Asthma can be controlled by recognizing the warning signs of an attack, by avoiding the things that trigger an asthma attack, and by following the advice of your doctor. There are also natural asthma remedies available that don’t have the side effects of some prescription medicines.
By controlling your asthma, you’ll have fewer symptoms like wheezing, coughing and shortness of breath, and when you do get them you won’t panic because you’ll know you can stop them easily.
You’ll sleep better, you won’t miss work or school for asthma. You will be able to take part in whatever types of physical activity you want to, and you won’t have to visit the hospital as often or at all.
What Happens During an Asthma Attack?
Asthma flare-ups are called asthma attacks. During an
attack, the breathing tubes in your lungs, called bronchi and bronchioles, get smaller.
During an asthma attack:
- The breathing tubes in your lungs swell up
- The muscles around these tubes tighten
- The tubes make large amounts of a thick fluid called mucus
Warning Signs of an Asthma Attack:
- Tightness in the chest
- Shortness of breath
The most important thing to know about asthma is that you can control it. Asthma patients who learn what medicine to take and what triggers an attack can avoid them most of the time.
People with asthma who learn to spot the early signs of an attack can take medicine right away. This may make the attack less severe or go away completely.
No one really knows for sure what actually causes someone to have asthma. However, many things set off asthma attacks. They are called triggers. Some people have only one or two triggers. Other people have many.
Some triggers are things to which people are often allergic. Common ones are pollen from trees, grass and flowers, and pet dander which is skin flakes from cats, dogs, and other animals. Also, some people are allergic to pests such as dust mites, roaches and rodents.
Dust mites are tiny spiders that you can’t see. They live everywhere; in carpets, bedding, upholstered furniture and stuffed animals to name a few.
Cigarette smoke is another common trigger of asthma attacks. If someone in your home is a smoker you may want to get an air cleaner or purifier. Other triggers have nothing to do with allergies such as cold weather, exercise, or strong emotions like laughing and crying.

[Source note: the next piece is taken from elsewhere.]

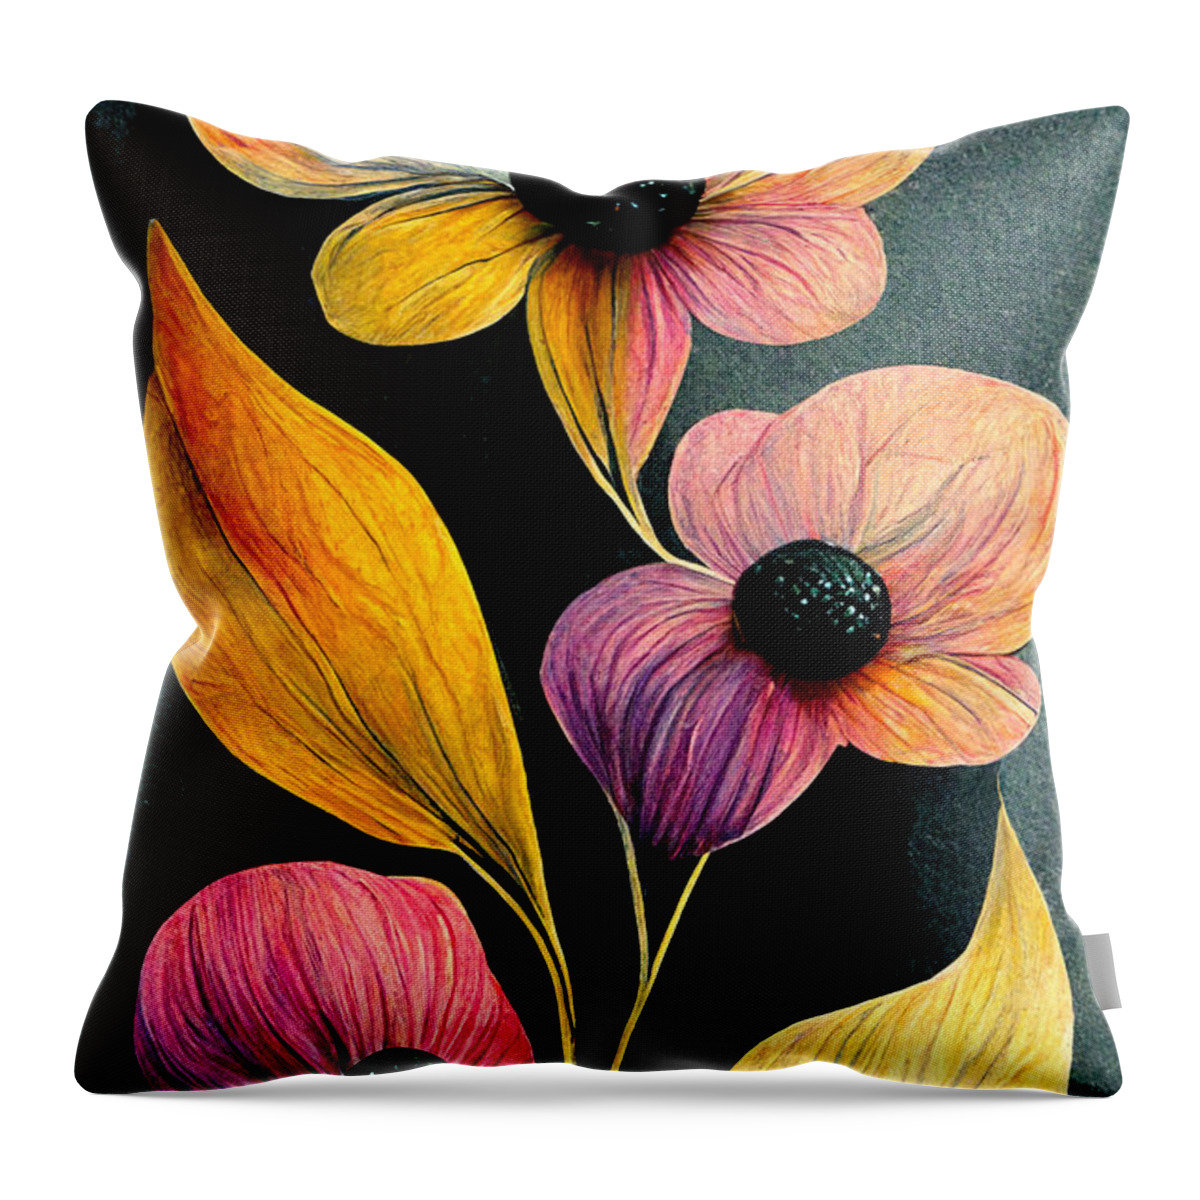 Crayon Throw Pillow featuring the digital art Crayon flowers #2 by Sabantha
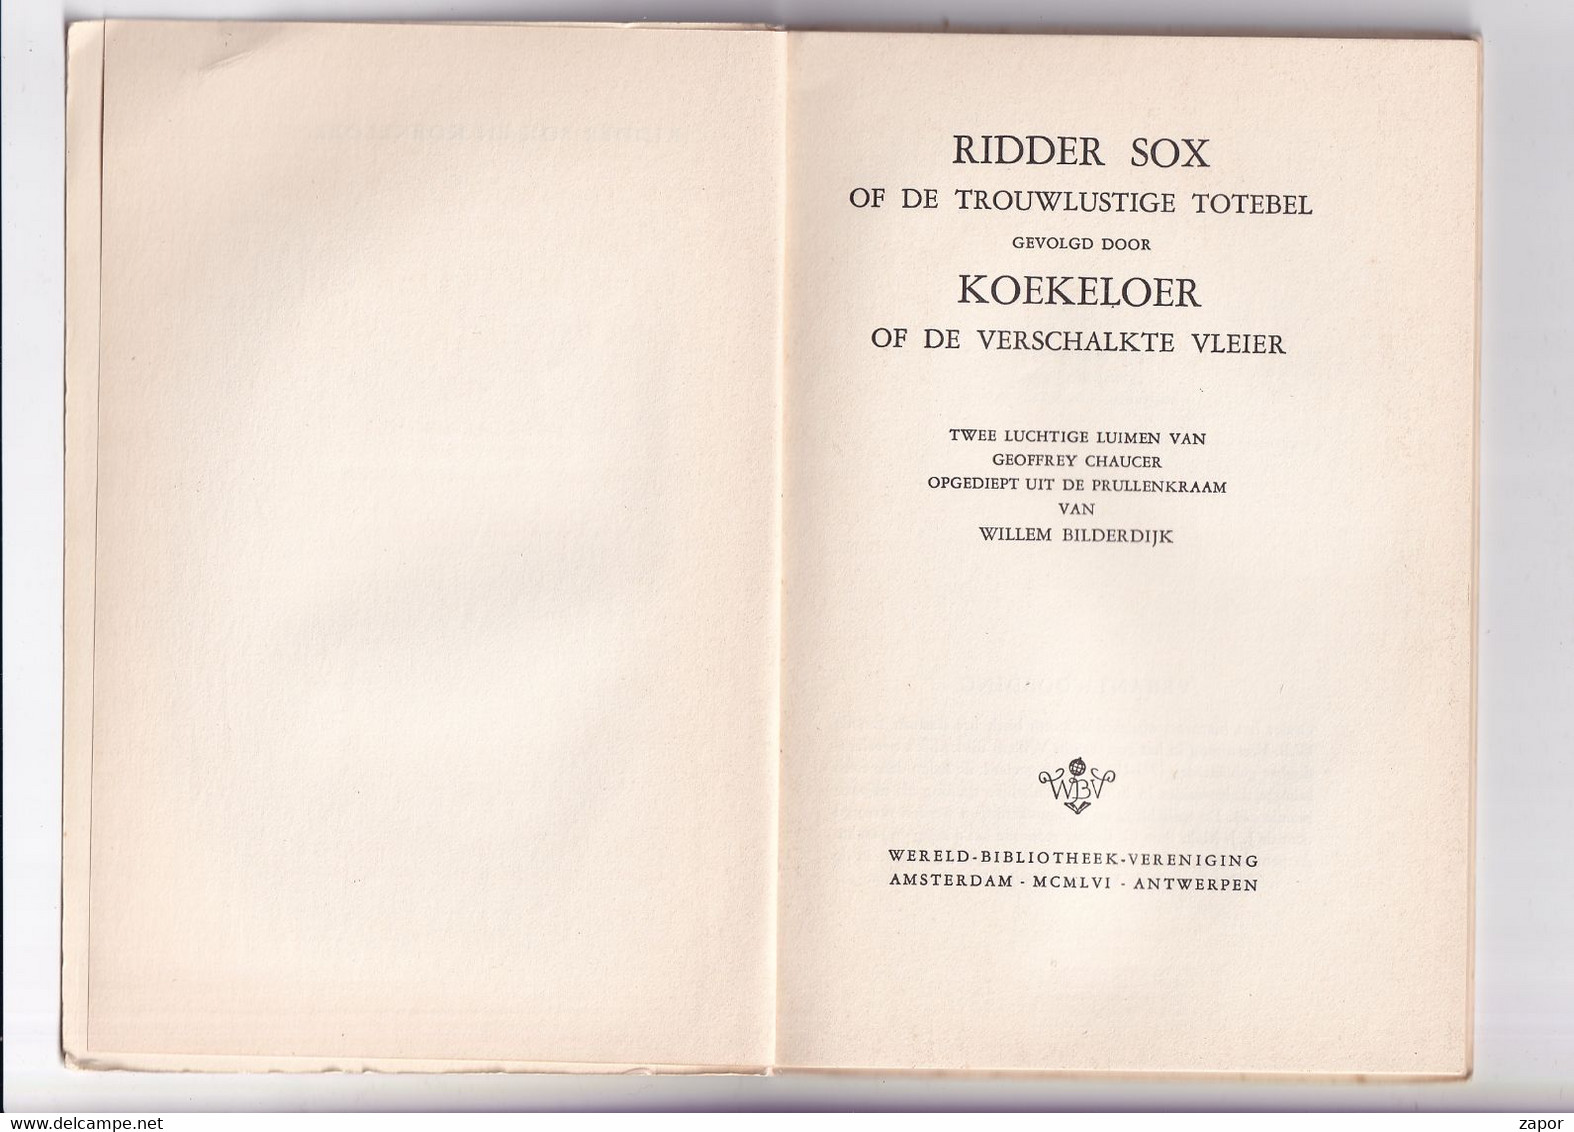 Ridder Sox En De Koekeloer - Geoffrey Chaucer - Willem Bilderdijk - Literature

Other Common Asthma Triggers Are:
- Food Allergies
- Secondhand Smoke
- Outdoor Air Pollution
- Cleaning products like furniture polish or dusting sprays, bug sprays, etc.
- Personal care products like hair spray or perfume
- Flu, colds
How Asthma Is Treated
You can control asthma and avoid an asthma attack by taking your medicine as prescribed by your doctor, and avoiding the triggers that can cause an attack. It’s very important that you remove the triggers in your environment to the best of your ability that you know make your asthma worse. For tips and products to help you avoid asthma triggers visit the allergy avoidance guide.
Medicine for asthma is different for each person. It can be inhaled or taken as a pill and comes in two types; quick-relief or rescue medication and long-term control.
Rescue medicines such as certain inhalers relieve the symptoms of an asthma attack. Long-term control medicines make you have fewer and milder attacks by controlling the symptoms on a long term basis. For most asthmatics both types of medicines are needed.
There are a variety of different medications available, so get with your doctor and put together a plan. Don’t forget to ask your doctor about side-effects. Some asthma medicines have more than others.
There are also very effective natural asthma remedies available to help you minimize your use of prescription drugs.
The important thing to remember is that you can control your asthma. With your doctor’s help, make your own asthma management plan so you know what to do based on your own symptoms.
Asthma management is the key to long term success and living a normal, vibrant life. Believe me…you can do it! I’ve had asthma since I was 7 years old. Now I’m 60 and still managing my asthma successfully!